Loc (Intercept) 371.8 19.28
Residual 198.0 14.07
Number of obs: 30, groups: Loc, 6
Fixed effects:
Estimate Std. Error t value
(Intercept) 93.133 8.280 11.247
Var1 -6.933 5.138 -1.349
Var2 2.200 5.138 0.428
Var3 -12.900 5.138 -2.511
Var4 15.867 5.138 3.088
Correlation of Fixed Effects:
(Intr) Var1 Var2 Var3
Var1 0.000
Var2 0.000 -0.250
Var3 0.000 -0.250 -0.250
Var4 0.000 -0.250 -0.250 -0.250
> Anova(barley.lmer,test="F")
Analysis of Deviance Table (Type II Wald F tests with Kenward-Roger df)
Response: Y2
F Df Df.res Pr(>F)
Var 3.5928 4 20 0.02306 *
---
Signif. codes: 0 '***' 0.001 '**' 0.01 '*' 0.05 '.' 0.1 ' ' 1
> pairwise(barley.lmer,Var)
Pairwise comparisons ( hsd ) of Var
estimate signif diff lower upper
M - P -9.1333333 24.30866 -33.441989 15.175322
M - S 5.9666667 24.30866 -18.341989 30.275322
M - T -22.8000000 24.30866 -47.108656 1.508656
M - V -8.7000000 24.30866 -33.008656 15.608656
P - S 15.1000000 24.30866 -9.208656 39.408656
P - T -13.6666667 24.30866 -37.975322 10.641989
P - V 0.4333333 24.30866 -23.875322 24.741989
* S - T -28.7666667 24.30866 -53.075322 -4.458011
S - V -14.6666667 24.30866 -38.975322 9.641989
T - V 14.1000000 24.30866 -10.208656 38.408656
40.4 Relative Efficiency
Recall the fixed effects ANOVA:
> anova(barley.lm)
Analysis of Variance Table
Response: Y2
Df Sum Sq Mean Sq F value Pr(>F)
Loc 5 10285.0 2056.99 10.3901 5.049e-05 ***
Var 4 2845.2 711.29 3.5928 0.02306 *
Residuals 20 3959.5 197.98
---
Signif. codes: 0 '***' 0.001 '**' 0.01 '*' 0.05 '.' 0.1 ' ' 1
This is our estimate of what the error variance would be in a CRD from the same kind of data we used in our RCB.
Noting that 518 is a lot more than 198, our blocking has been successful.
> (5*2056.99+24*197.98)/29
[1] 518.499
Here is the estimate of relative efficiency.
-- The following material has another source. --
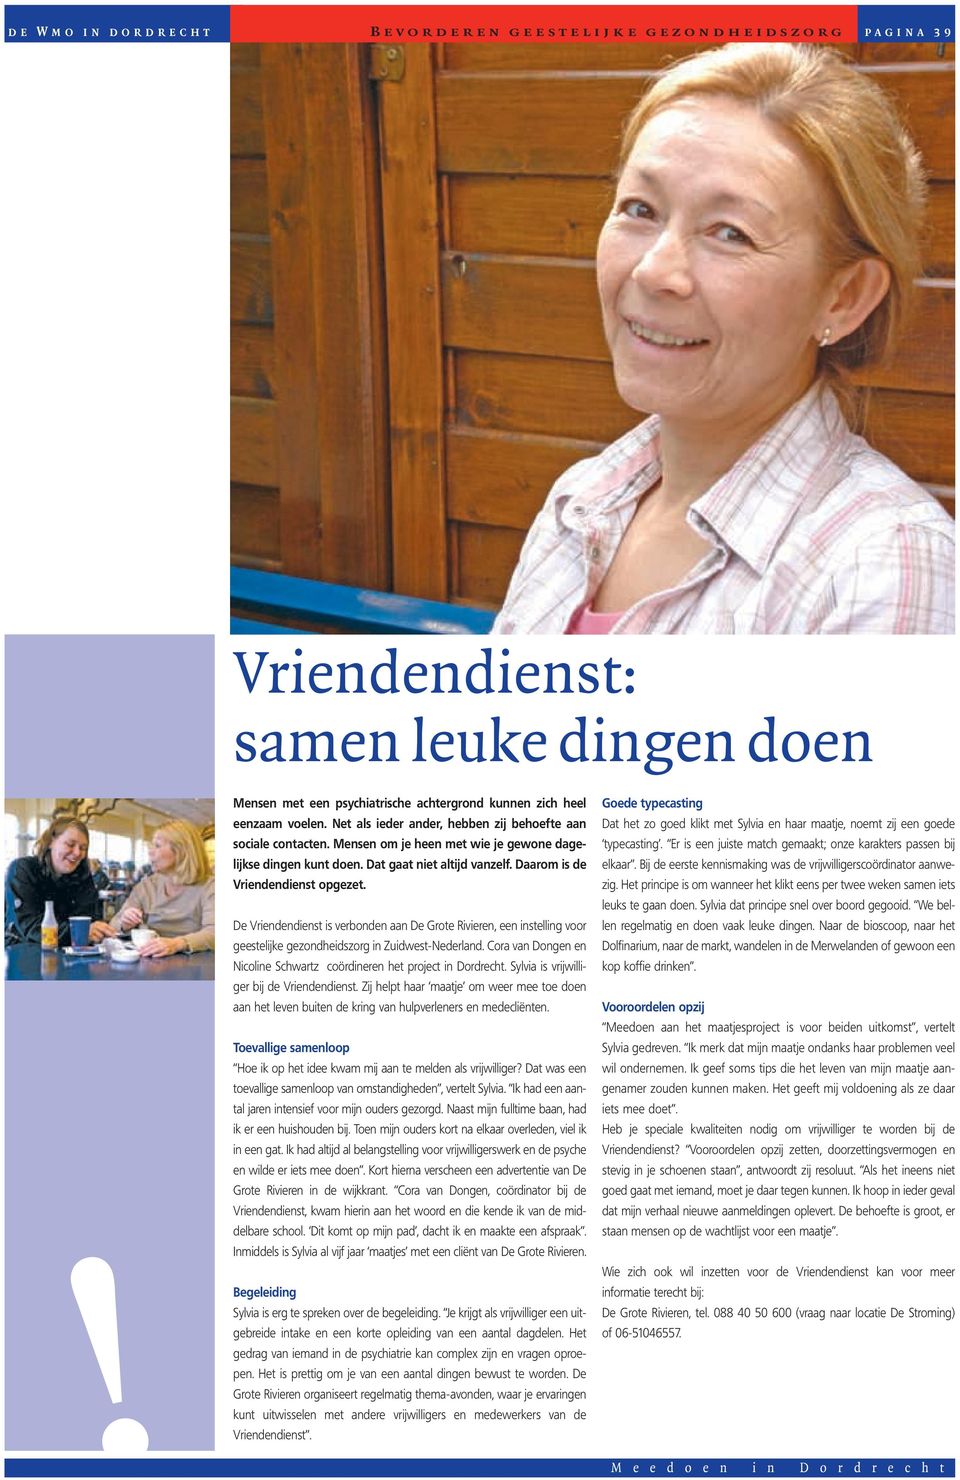 De Vriendendienst is verbonden aan De Grote Rivieren, een instelling voor geestelijke gezondheidszorg in Zuidwest-Nederland. Cora van Dongen en Nicoline Schwartz coördineren het project in Dordrecht.

Mostly it is a ratio of the MSE in the CRD (estimated) to the MSE in the RCB. In addition, there is a degrees of freedom correction term that adjusts for the loss of degrees of freedom in the RCB. This term is usually pretty close to 1. Here it is .98.
> (21*28/23/26) * 518.499/197.98
[1] 2.575151
The RE says that we would have needed a sample size 2.6 times as large to have the same power in a CRD as we achieved with blocking. That is very worthwhile.